1.1 Proof of Proposition 1

Proof

Incentive compatibility for the X side requires

$$\begin{aligned} U^X(x,x) \ge U^X(x',x), \quad x' \in [0,1]. \end{aligned}$$

Note that taking logs of the direct utility function yields

$$\begin{aligned} \log \left( U^X\left( x',x\right) \right) = \log \left( v\left( x,\mu \left( x'\right) \right) \right) - \rho \tau \left( x'\right) - \log (\rho ), \end{aligned}$$

which is quasi-linear in the log-surplus and the dropout time.

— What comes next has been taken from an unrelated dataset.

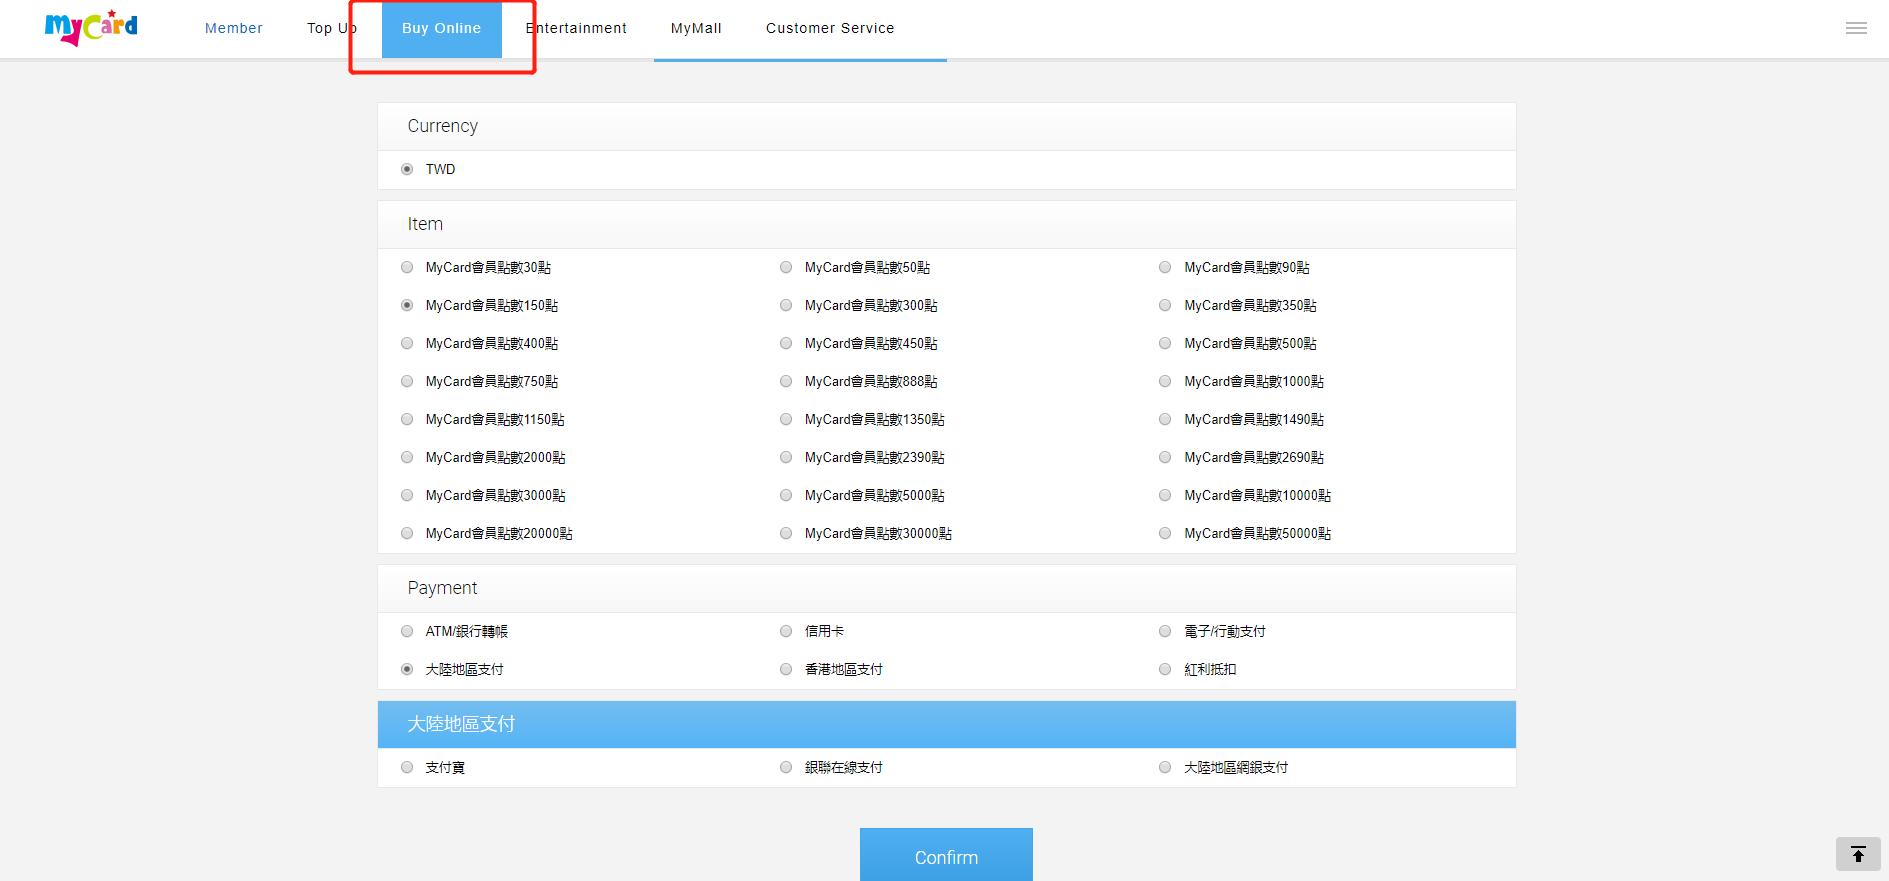 Mycard儲值活動詳細流程指南-登录后进行点数储值.png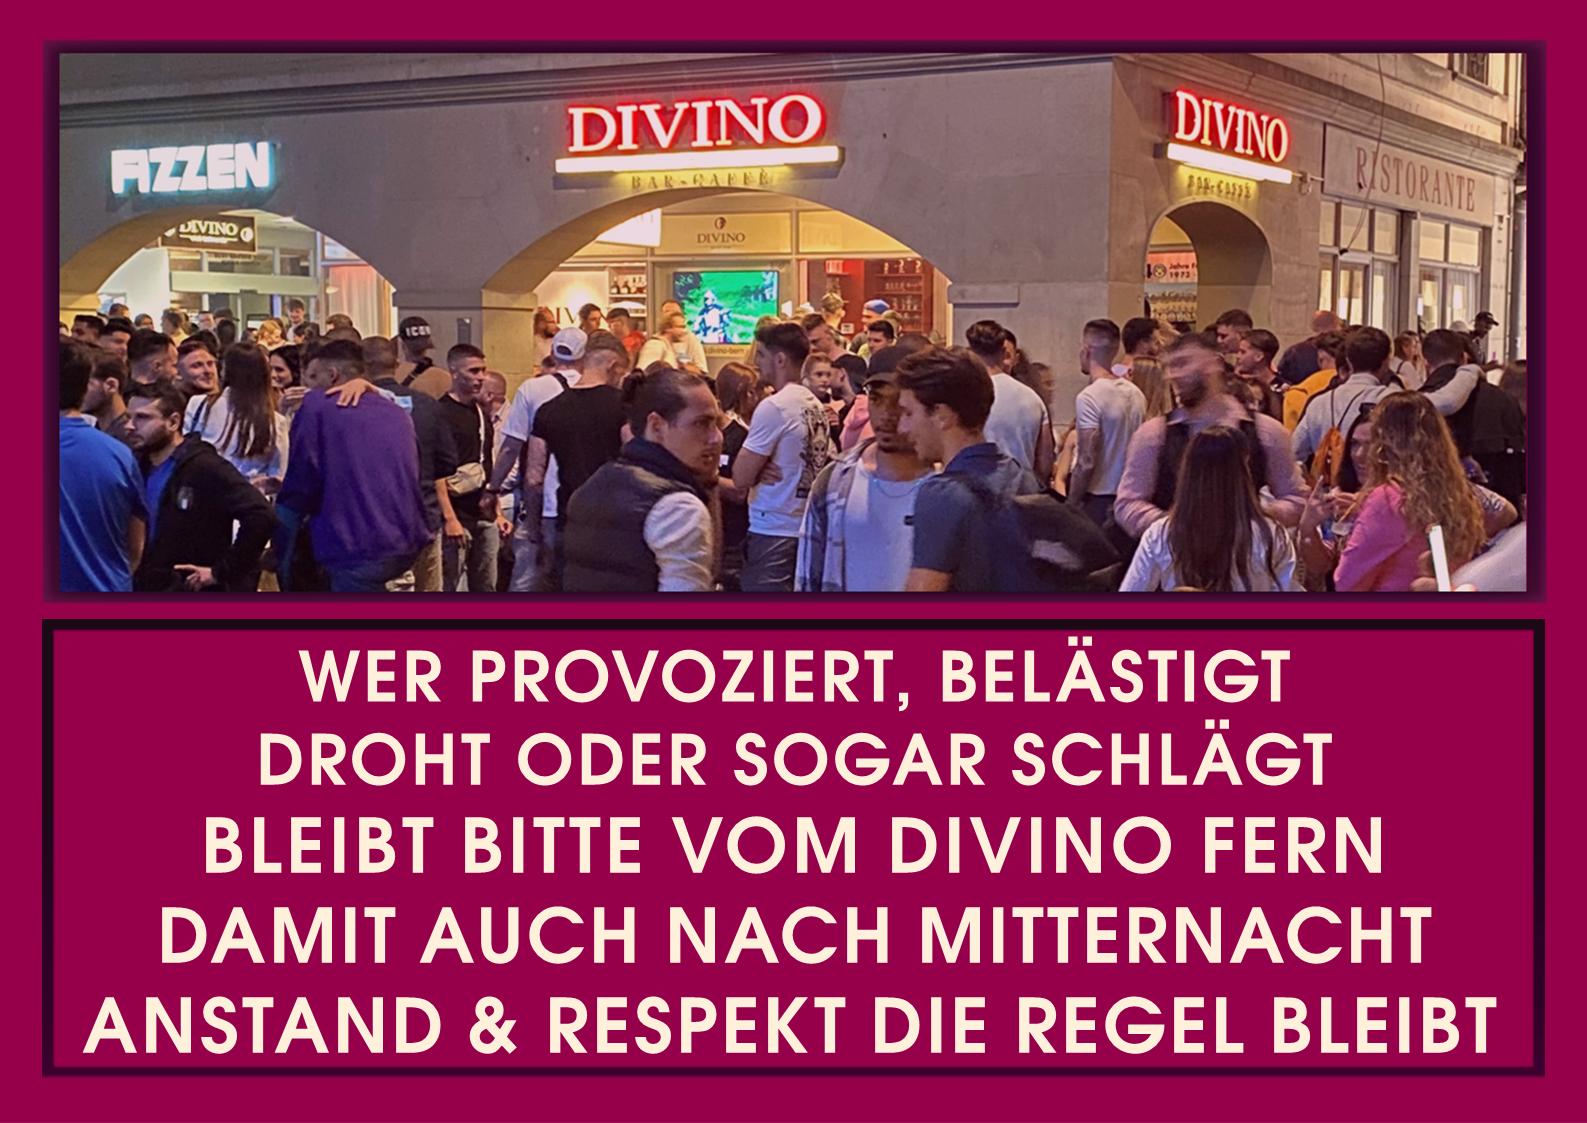 HIER findest Du alles über DIVINOs Party EVENTS

Let the indirect utility function for the X side be

$$\begin{aligned} V^X(x) = \max _{x' \in [0,1]} \log \left( U^X\left( x',x\right) \right) . \end{aligned}$$

Then the following, standard characterization of incentive compatibility for a direct mechanism obtains: \(\{\mu (x),\tau (x)\}\) is incentive compatible iff \(\mu (x)\) is (i) non-decreasing and (ii) \((V^X)'(x) = v_1(x,x)/v(x,x)\).

• To show necessity, first take logs of the direct utility function,

  $$\begin{aligned} \log \left( U^X\left( x',x\right) \right) = \log (v(x,\mu (x')) - \rho \tau (x') - \log (\rho ). \end{aligned}$$

  The envelope condition follows by differentiation of the indirect utility function, which is derived by taking the partial derivative of \(\log (U^X(x',x))\) with respect to x and evaluating at \(x'=x\), yielding (ii). To show (i), rearrange two incentive compatibility constraints

  $$\begin{aligned} \log (v(x,\mu (x))) - \rho \tau (x) \ge \log (v(x,\mu (x'))) - \rho \tau (x') \end{aligned}$$

  and

  $$\begin{aligned} \log (v(x',\mu (x'))) - \rho \tau (x') \ge \log (v(x',\mu (x))) - \rho \tau (x) \end{aligned}$$

  to get

  $$\begin{aligned} \log (v(x,\mu (x))) + \log (v(x',\mu (x'))) \ge \log (v(x,\mu (x'))) + \log (v(x',\mu (x))). \end{aligned}$$

  But if v(x, y) is strictly log-supermodular and \(x \ge x'\), then for the inequality to hold, \(\mu (x) \ge \mu (x')\), establishing that the allocation must be monotone. But if the market clears and the match is measure-preserving, that implies \(x = y\) for all x and y who match, which must be positive assortative matching. If, instead, v(x, y) were strictly log-submodular and \(x \ge x'\), the reverse inequality would have to hold, namely \(\mu (x') \ge \mu (x)\).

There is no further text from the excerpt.